I recently had a conversation with a friend currently overseas and we discussed the fact that once you live for an extended time overseas you are ruined forever. That is, you can't belong to either your own culture or your adopted one anymore. You see the world from a unique perspective and you will often feel like a fish out of water wherever you go. As I thought more about our conversation I came up with a list of six things that living overseas does to you:

1. You realize the world is far bigger than you knew. When you live overseas you experience a larger world. When you lived in your home culture you heard about other cultures, but you didn't experience them (high school culture fairs don't count :-D). When you live overseas you all of a sudden come to understand that the world is really more than your home corner of it.

 2. You begin to see foreigners as complex instead of simplistic. It's easy to see foreign people as one dimensional when you don't get to know them. It's easy to paint a whole culture one way and assume you know exactly what the think and why they think it. But when you actually begin to make foreign friends and go deep, all your preconceptions are challenged. You find people really are individuals no matter what culture they are from.

3. You stop seeing America as the answer to all the world's problems. Not all, but a lot of Americans think Americans have all the answers. I get that. My guess is most cultures would claim their culture has all the answers since that is all they know. So since my culture is American, it was America I realized wasn't sovereign when I lived overseas. There were things the culture I lived in did better than America. There were ideas they had and ways they acted that showed me they had something to contribute to the world just as much as Americans did.

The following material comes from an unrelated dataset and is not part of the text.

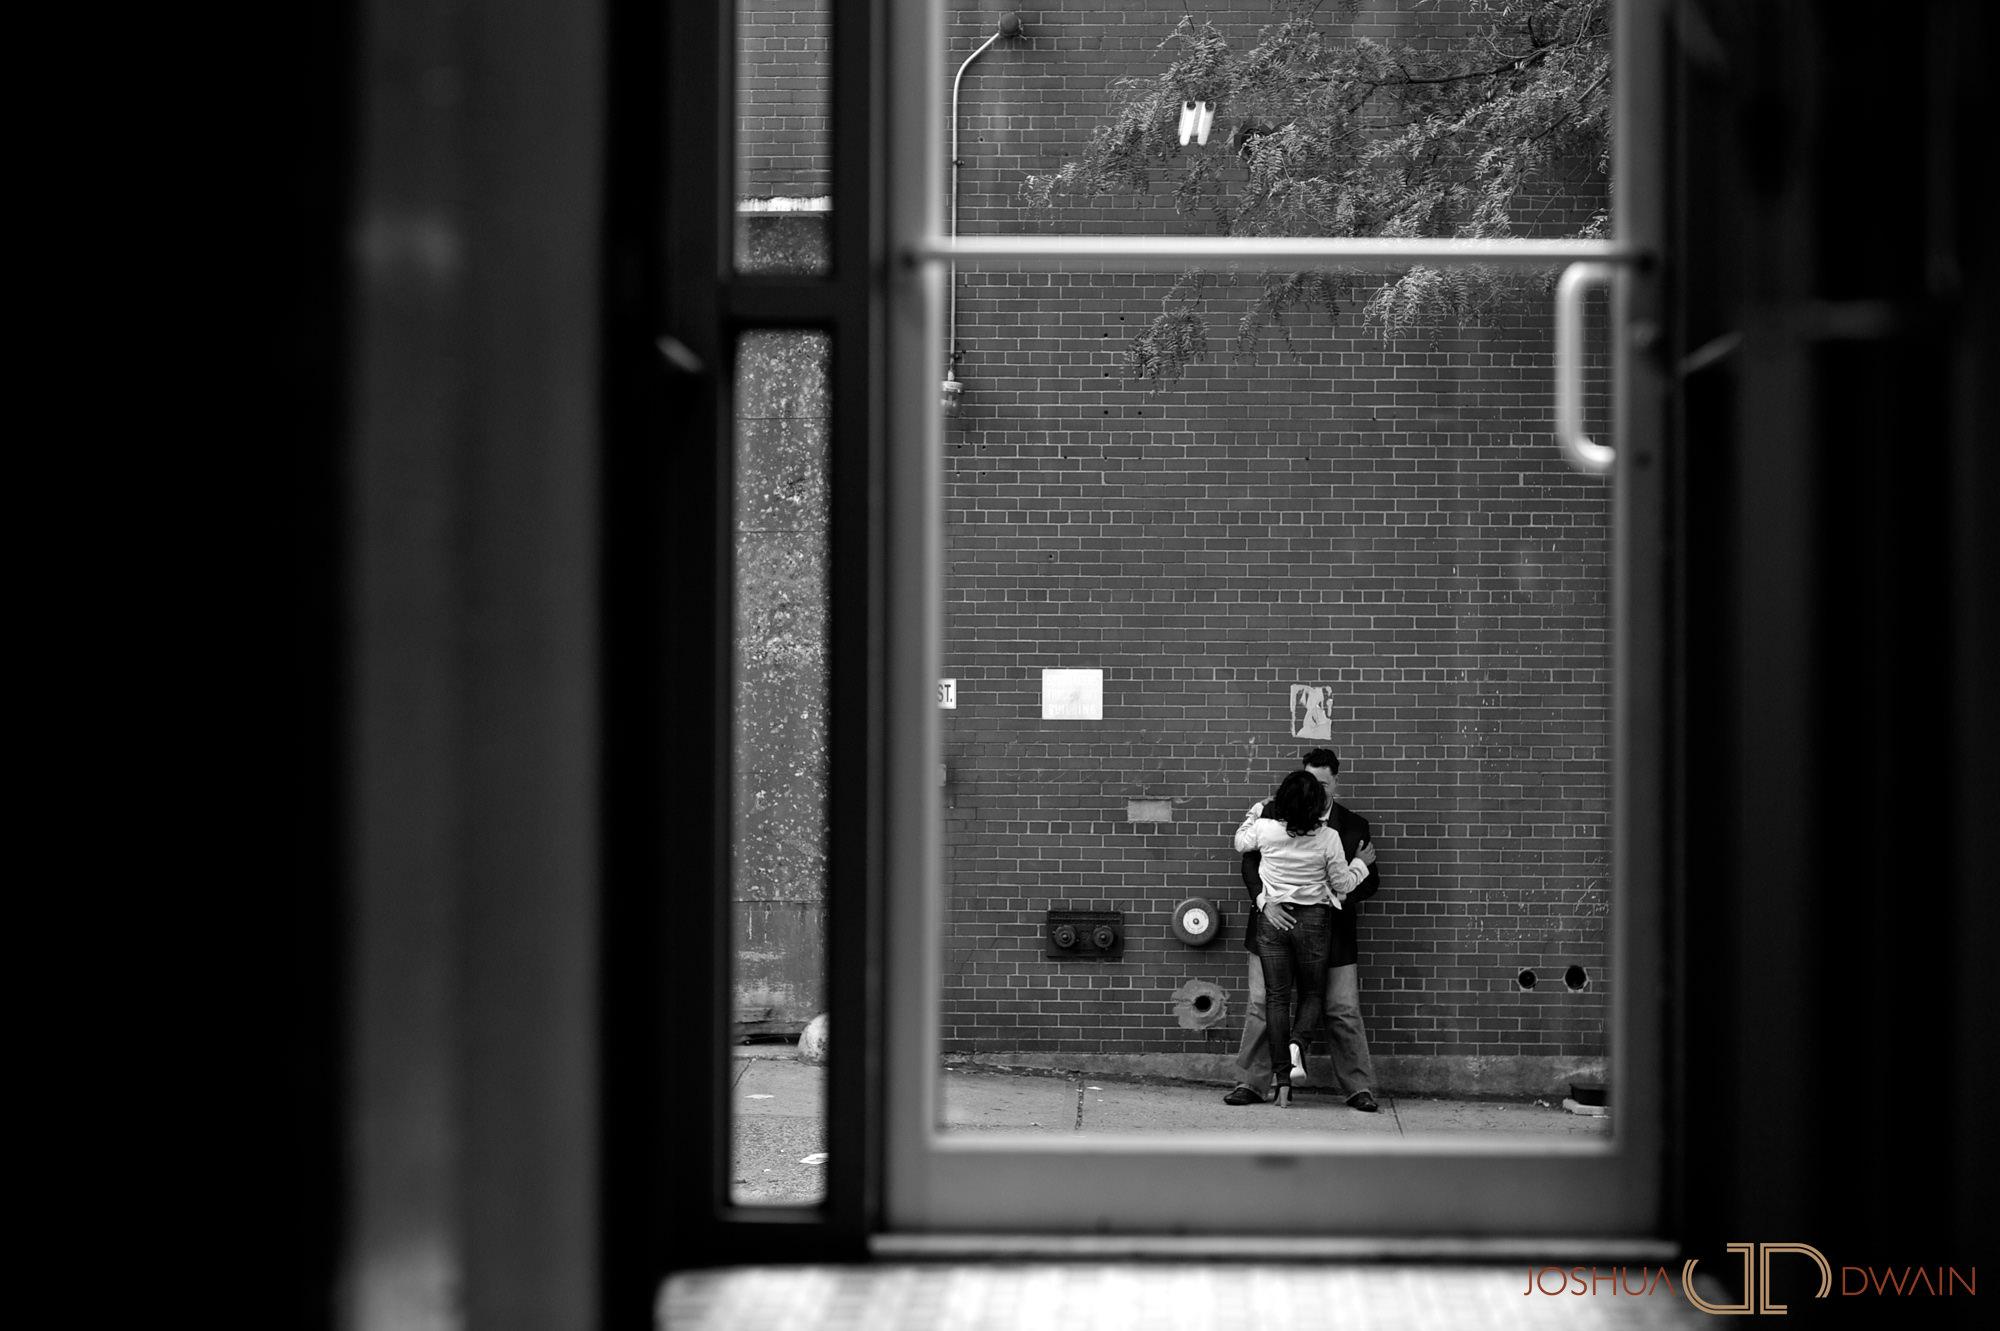 abbey-rafael-012-ink48new-york-citywedding-photographer-joshua-dwain-2012-10-05_ar_038

4. You appreciate some of your own culture more. The culture I lived in did do some things better than America, but America does some things better than the culture. I appreciated America had provided me with security and a freedom that was not necessarily apparent in my host culture.

5. You experience the universal nature of the church. Best of all, you get to worship with people of another culture. You get to see the Bible and God's word through their lens. You start to realize there are ways to see scripture that differ from yours and that's okay (I am not talking about fundamental basics here. I am talking about something like how the famine in the Joseph story impresses your students from poor farming families who farm with implements from the 1800s far more than you who never worked on a farm in your life). And as you view Christianity through a different lens you start to see the cultural trappings of the way you do Christianity, those things that are not biblical, but cultural. They aren't necessarily wrong either, but they aren't necessarily right. You learn Christianity is far broader than you knew and, indeed, is a religion for anyone.

6. When you come home, you struggle with your home culture and your home church. Because of #1-5, you feel odd in your home culture. You feel odd in church, too. It takes time to reorient and you'll never reorient completely. You'll think things no one else thinks. You'll say things people don't get. Maybe you'll be labeled as odd, not with it, wrong thinking. When I have friends coming back to the States, I often tell them to be patient with themselves and their home culture. Remember that people here haven't had your experience. There is now a gap in experience, but that is okay. Just as we went overseas with the desire to understand the people in our host culture, we need to desire to understand the people in our home culture. And hang in there. You'll meet people who have lived overseas, too, and then you can commiserate together :-D

Actually, I think you can have all the above experiences within your own culture, too. For example, the United States isn't uniform. If you ever live in another part of the country than you grew up in you will experience this. Even if you just minister to a different socioeconomic group in your own area you can experience this. I think it's good to experience people in other places whether overseas or at home. It helps us to see the world more broadly and to sympathize with those different from ourselves. And above all, it makes us appreciate the image of God in all people everywhere.